* Activity
Images are to be dropped, and the rest of the data reproduced exactly.

* Available data

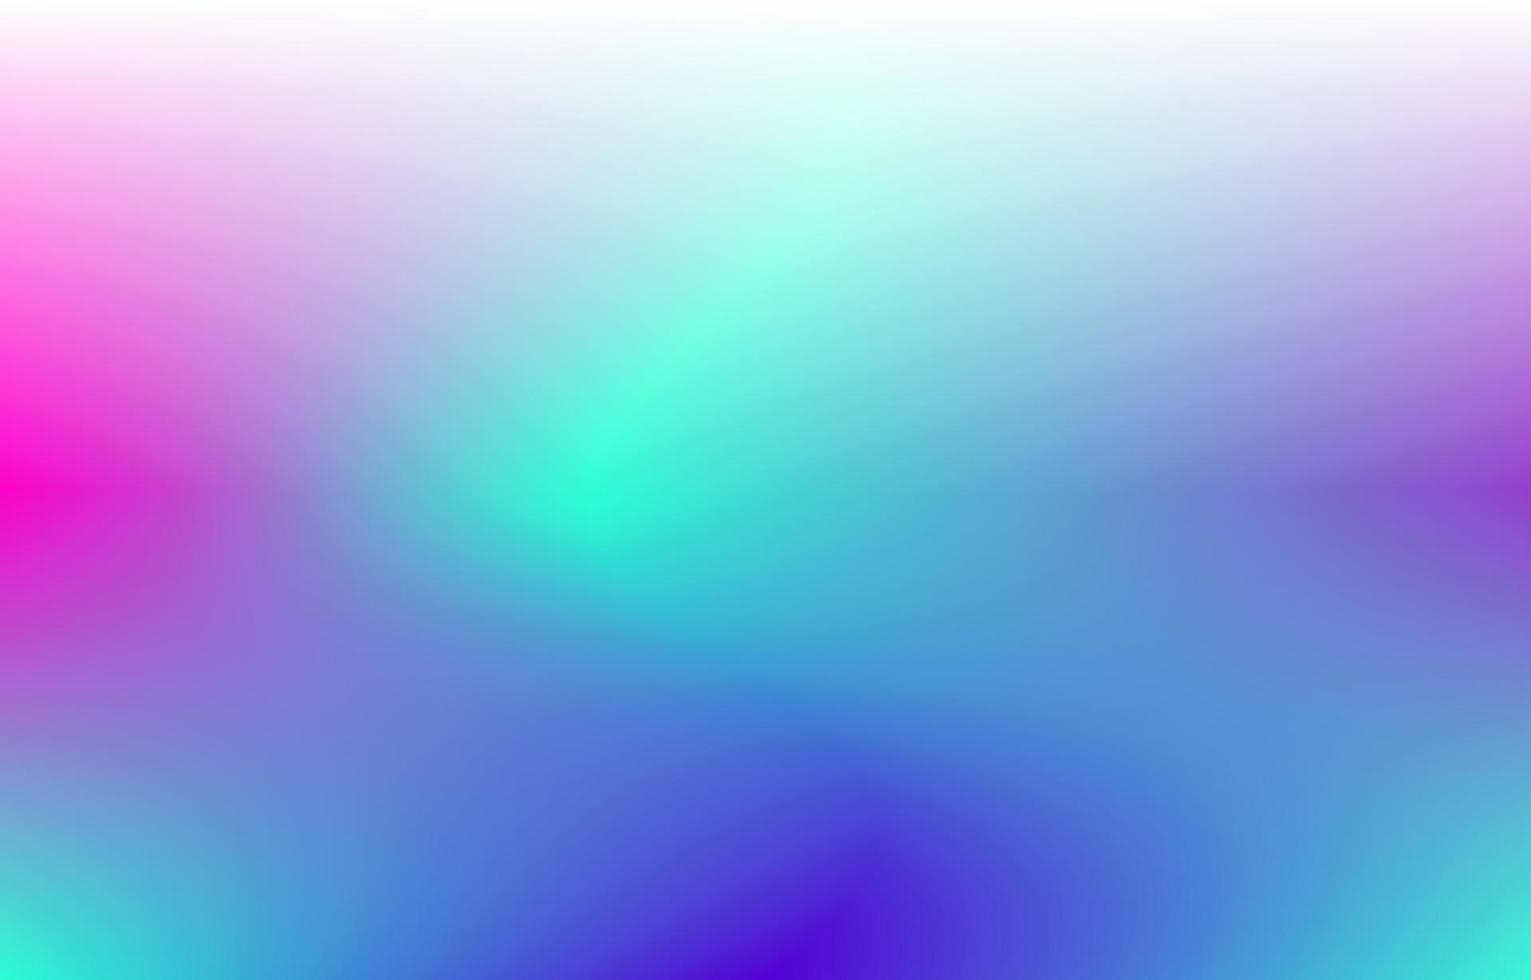 fundo fluido gradiente com cor verde, azul e rosa. ilustração em vetor gradiente suave. adequado para pôster, web design, banner e outros.
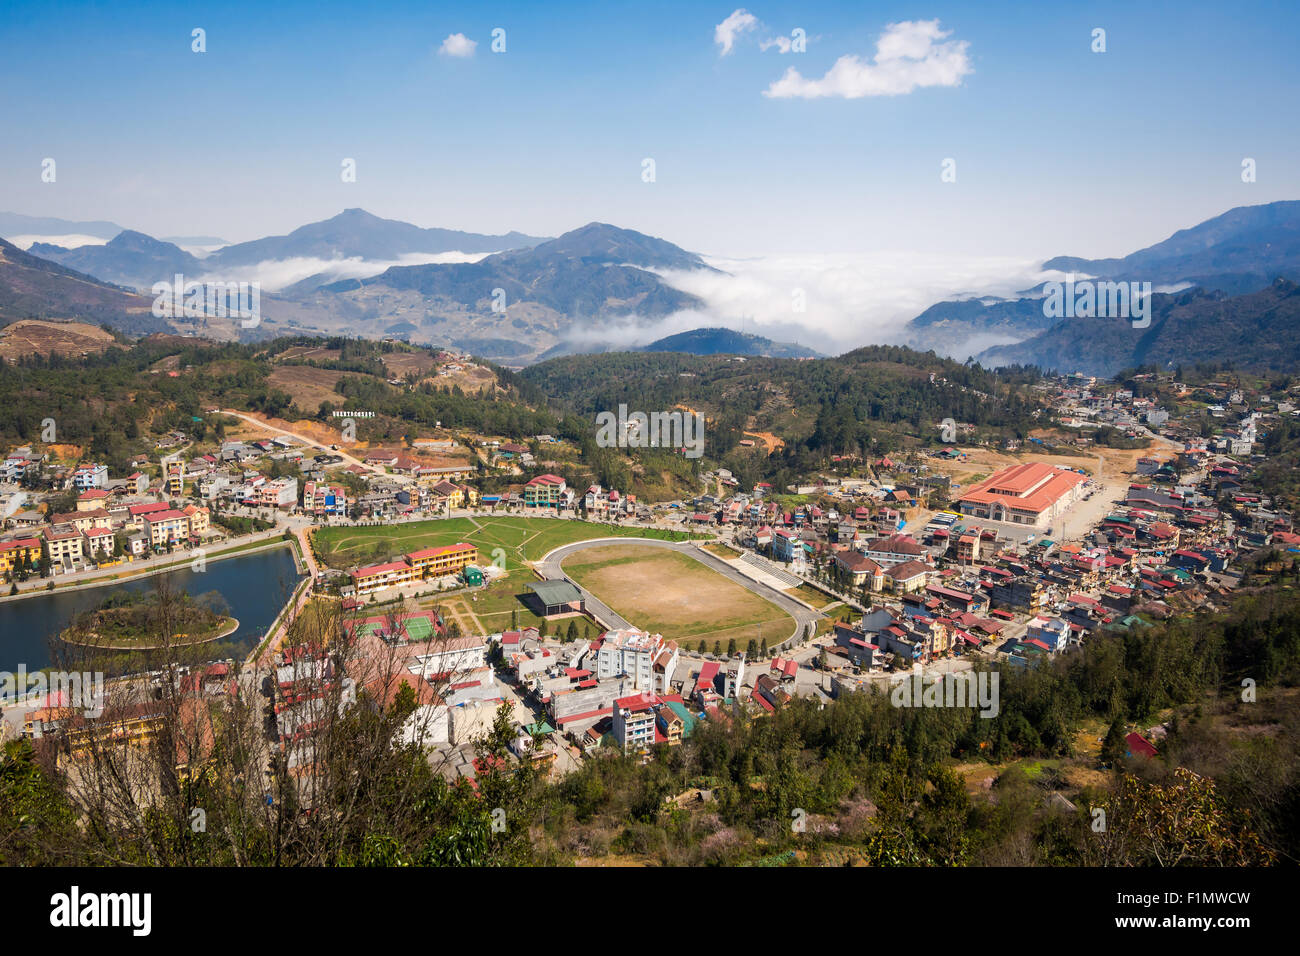 Vista general de la ciudad de Sapa, provincia de Lao Cai, al norte de Vietnam. Foto de stock
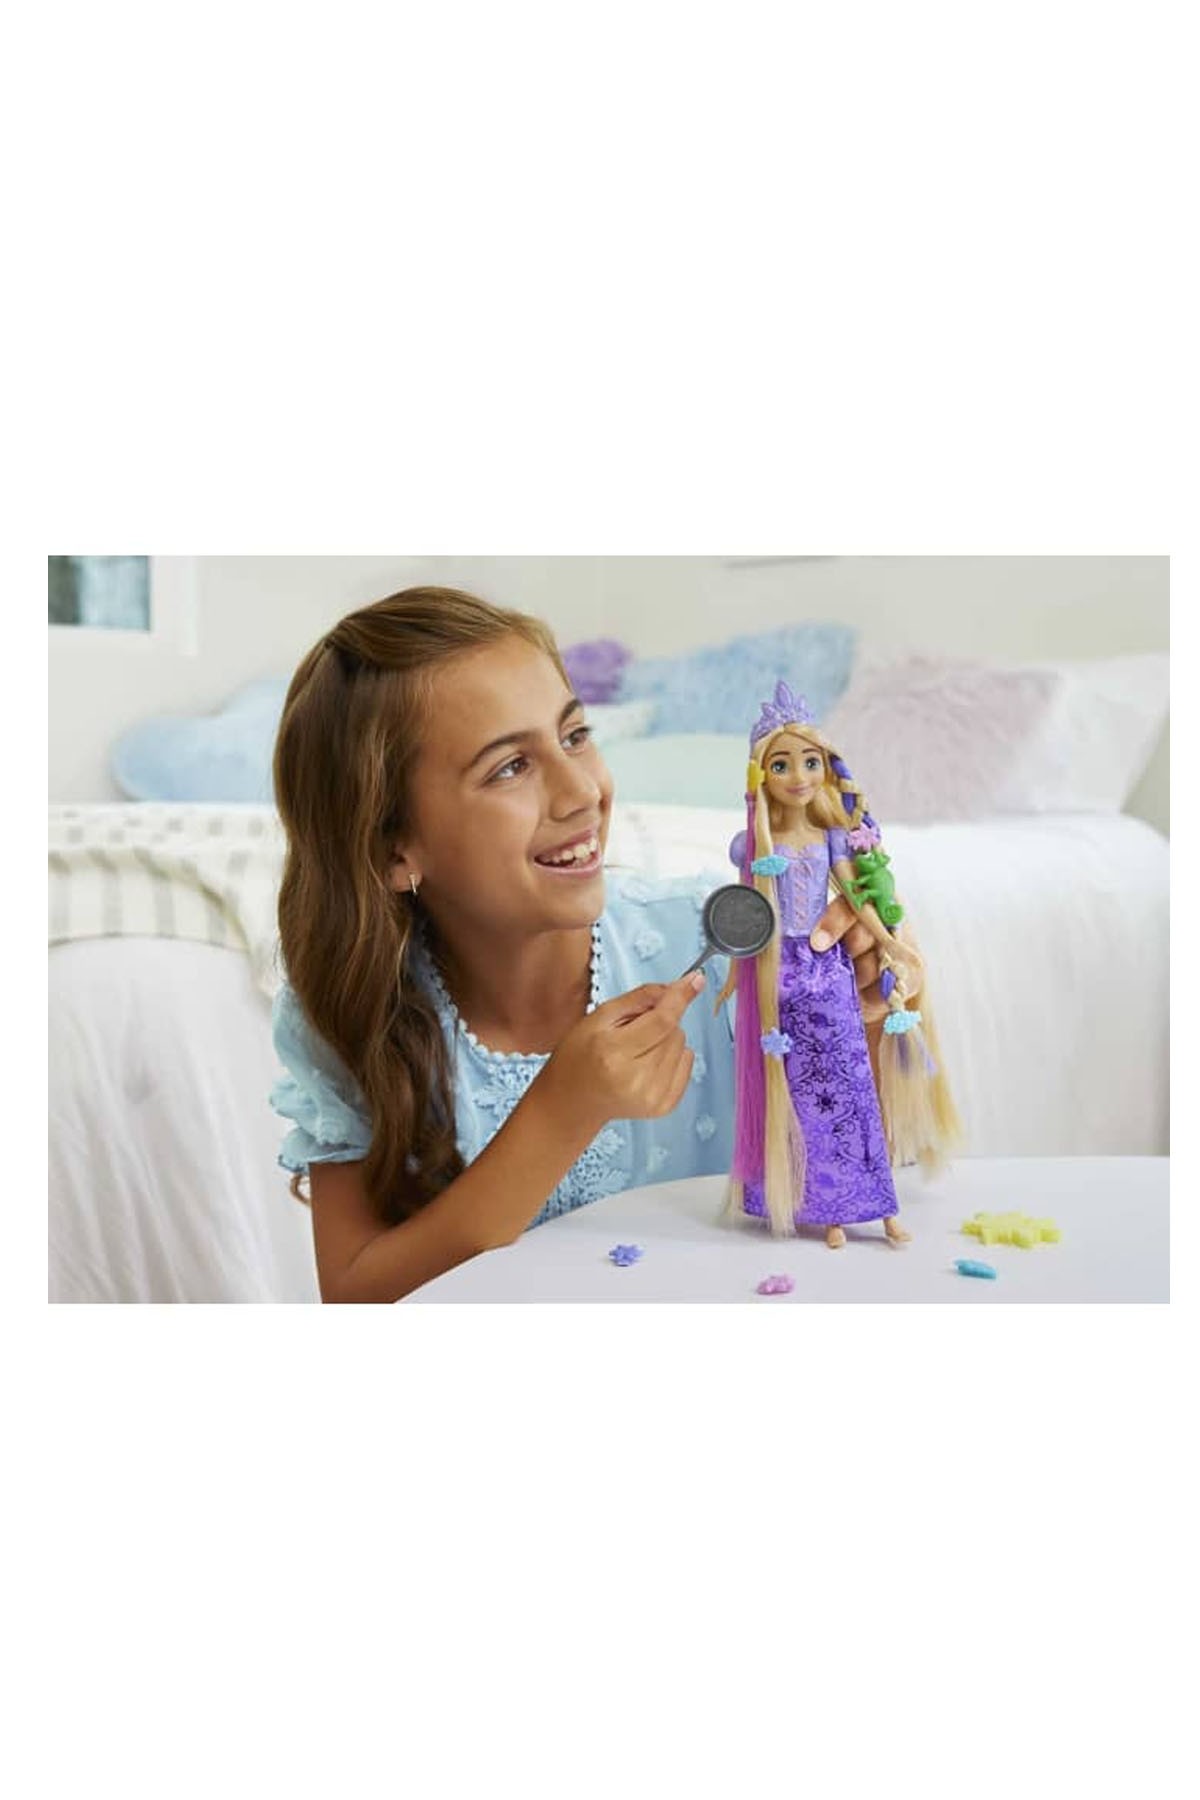 Disney Prenses Renk Değiştiren Sihirli Saçlı Rapunzel HLW18

* Completed task
 fundo fluido gradiente com cor verde, azul e rosa. ilustração em vetor gradiente suave. adequado para pôster, web design, banner e outros.
 Vista general de la ciudad de Sapa, provincia de Lao Cai, al norte de Vietnam. Foto de stock
 Disney Prenses Renk Değiştiren Sihirli Saçlı Rapunzel HLW18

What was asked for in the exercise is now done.